After Spanish I had a three-hour wait until my next class, which was usually spent in the library studying for my Year Abroad Research Project (YARP), or in the small canteen trying to decide which of the frankly inedible sandwiches looked most edible. In hindsight, I probably should have just brought my own food. My next class was techniques de traduction (translation techniques) and mainly dealt with – you guessed it – useful techniques when translating. I really enjoyed this class, despite not exactly knowing what I was doing half the time. All in all, it proved pretty useful for helping to improve my French and the work was pretty straightforward once you (finally) got your head around it.

After that, I was done for the day and so me and my French flatmate would spend the evenings watching French films (and the occasional badly subtitled English film) on her laptop, having lengthy discussions about I-don’t-know-what, and making crêpes with whatever we could find in the kitchen (mouldy jam was probably my least favourite suggestion).

Tuesday

Tuesday

After Monday’s early start, Tuesdays were much more relaxed. My first class was at 3.45pm and so I spent the mornings working on my YARP and doing any leftover homework for my classes. In fact, Tuesday mornings were relatively uninteresting and mainly involved trips to the fridge only to discover that I probably should have gone shopping already. My first class of the day was translation practise, working from French into English. The majority of the class was made up of French students minus the bunch of 6 or so Erasmus students. Translation turned out to be a relatively big part of the majority of my classes, but seeing as I actually really enjoy translation I didn’t particularly mind. We covered all sorts of texts, but mainly focused on major literary pieces.

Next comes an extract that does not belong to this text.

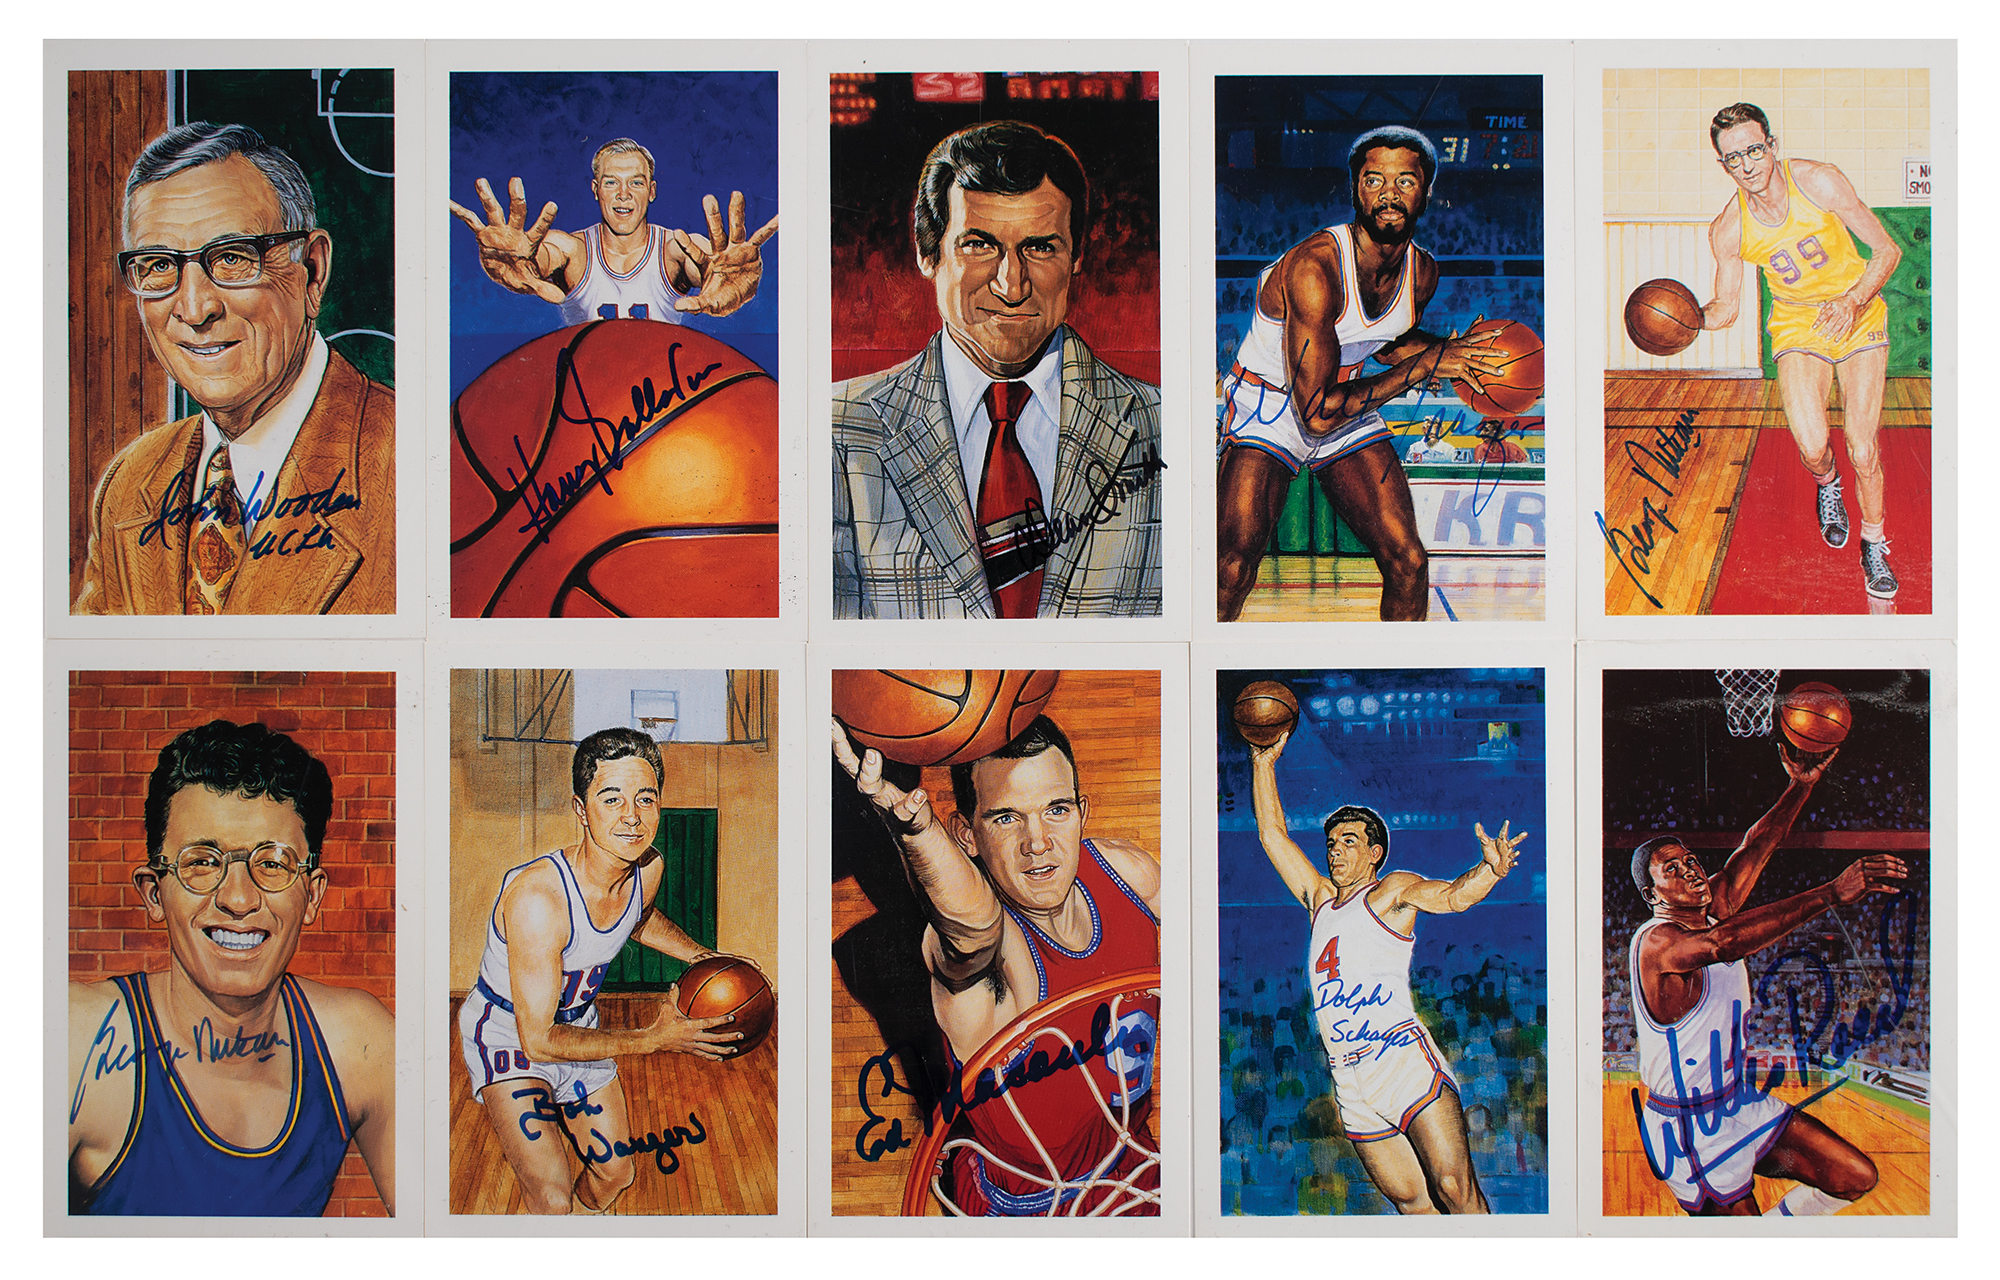 Nate Thurmond (Hall of Fame) Basketball Cards

Afterwards was the mutually dreaded cours d’expression française (French expression class), which went on till 8 pm and meant that half way through most of us were already dreaming about our dinners (for me, the distinct lack of an oven meant that my diet mainly consisted of pasta, stir fry and then pasta again). The class was designed specifically for Erasmus students and mostly covered aspects of grammar, vocabulary, and cultural phenomena.

Wednesday

Wednesday

Wednesdays meant another late start, with my first class at 2.30pm. On Wednesday evenings I worked as a voluntary English teacher, giving hour-long English classes to a group of French beginners, all aged 60+. So, my mornings consisted of preparing whatever it was that we were going to be studying in class that evening. Around lunchtime I would then make the routine trip to the printing shop to print off all my material. I honestly became a regular and earned myself a nod of acknowledgement every time I walked in. I was never entirely sure whether this was common French practice or something reserved just for me - I like to think the latter to be true.

My afternoon class was, once again, translation, and was much the same as any other translation class I had ever been to. Aside from the fact that our eccentric Scottish lecturer, who was potentially slightly crazy, meant that entertainment levels were always guaranteed to be at a high. In this class, our translation material mainly focused on newspaper and magazine articles, which I think I preferred, as the texts were always really interesting and varied.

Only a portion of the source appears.